Fourier transform infrared spectroscopy (FTIR)[1] is a technique which is used to obtain an infrared spectrum of absorption, emission, photoconductivity or Raman scattering of a solid, liquid or gas. An FTIR spectrometer simultaneously collects spectral data in a wide spectral range. This confers a significant advantage over a dispersive spectrometer which measures intensity over a narrow range of wavelengths at a time. FTIR technique has made dispersive infrared spectrometers all but obsolete (except sometimes in the near infrared) and opened up new applications of infrared spectroscopy.

The term Fourier transform infrared spectroscopy originates from the fact that a Fourier transform (a mathematical algorithm) is required to convert the raw data into the actual spectrum. For other uses of this kind of technique, see Fourier transform spectroscopy.

Contents

[edit] Conceptual introduction

An interferogram from an FTIR spectrometer. The horizontal axis is the position of the mirror, and the vertical axis is the amount of light detected. This is the "raw data" which can be transformed into an actual spectrum.

The goal of any absorption spectroscopy (FTIR, ultraviolet-visible ("UV-Vis") spectroscopy, etc.) is to measure how well a sample absorbs light at each wavelength. The most straightforward way to do this, the "dispersive spectroscopy" technique, is to shine a monochromatic light beam at a sample, measure how much of the light is absorbed, and repeat for each different wavelength. (This is how UV-Vis spectrometers work, for example.)

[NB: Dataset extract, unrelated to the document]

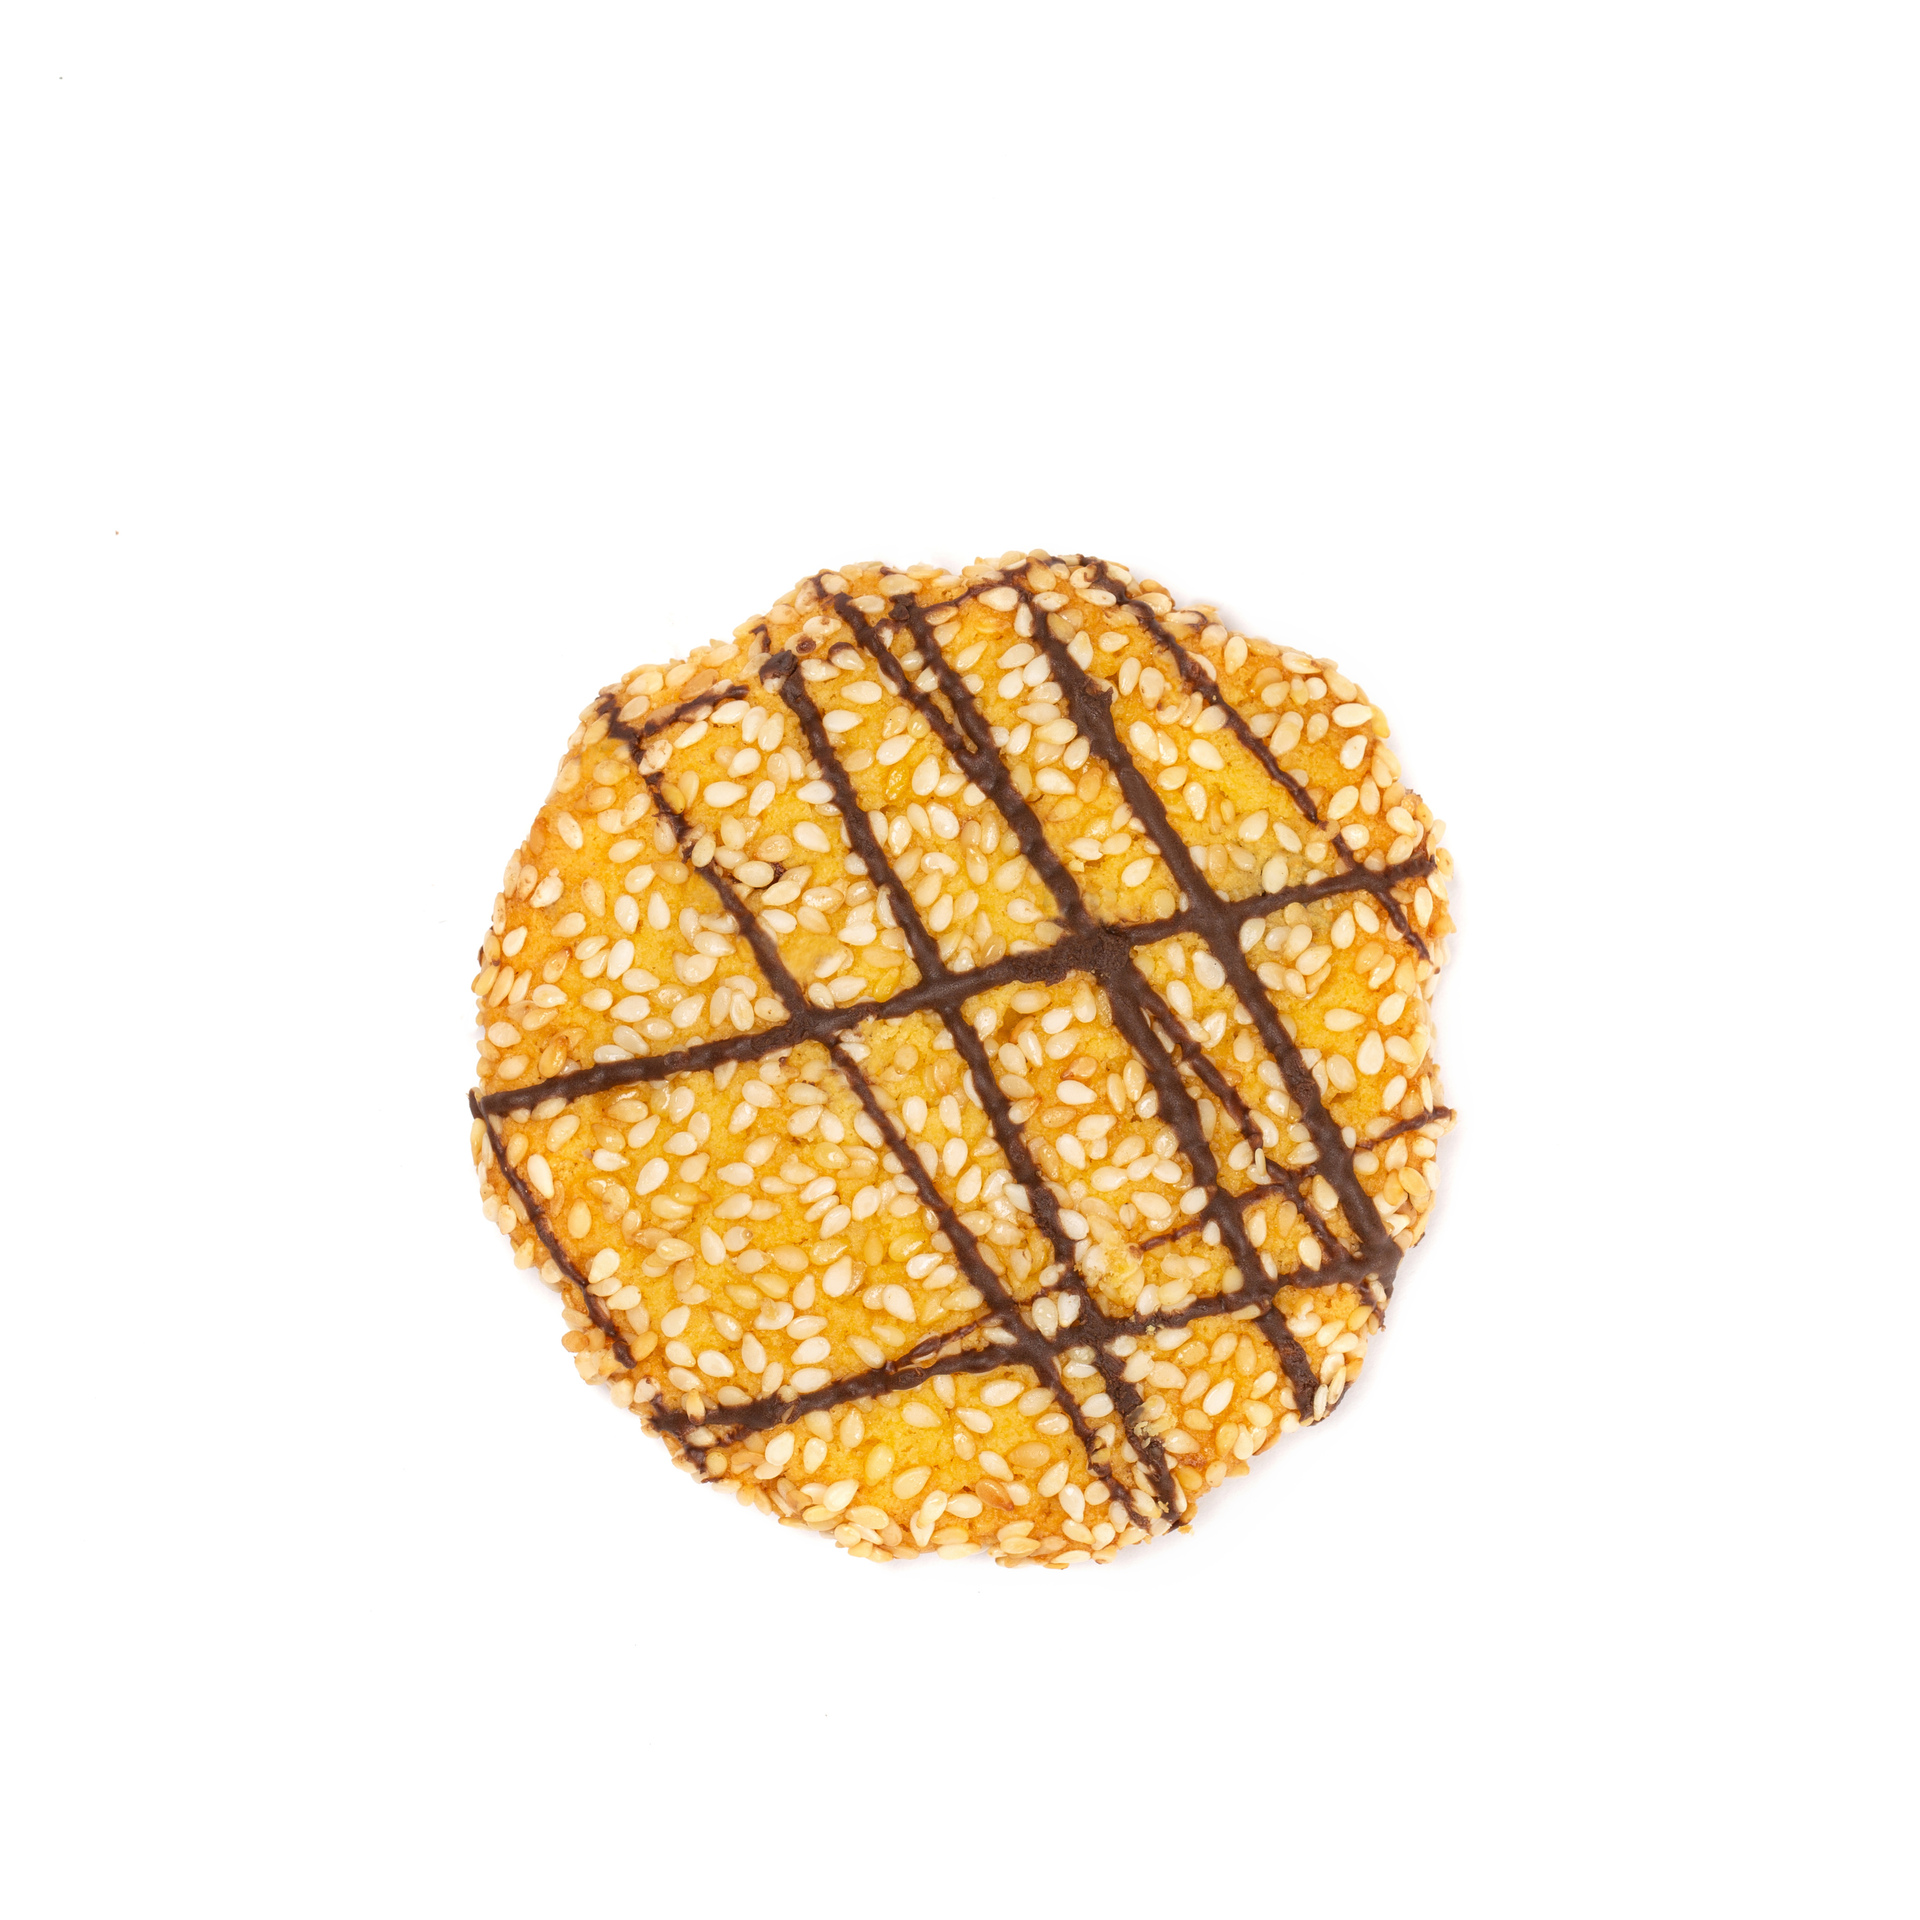 3008 - Cookies Ταχίνι Λευκή ζύμη, μέλι, σταφίδα, ταχίνι, σουσάμι και γραμώσεις από κουβερτούρα -ΝΗΣΤΙΣΙΜΟ-

Fourier transform spectroscopy is a less intuitive way to obtain the same information. Rather than shining a monochromatic beam of light at the sample, this technique shines a beam containing many different frequencies of light at once, and measures how much of that beam is absorbed by the sample. Next, the beam is modified to contain a different combination of frequencies, giving a second data point. This process is repeated many times. Afterwards, a computer takes all this data and works backwards to infer what the absorption is at each wavelength.

The beam described above is generated by starting with a broadband light source'one containing the full spectrum of wavelengths to be measured. The light shines into a certain configuration of mirrors, called a Michelson interferometer, that allows some wavelengths to pass through but blocks others (due to wave interference). The beam is modified for each new data point by moving one of the mirrors; this changes the set of wavelengths that pass through.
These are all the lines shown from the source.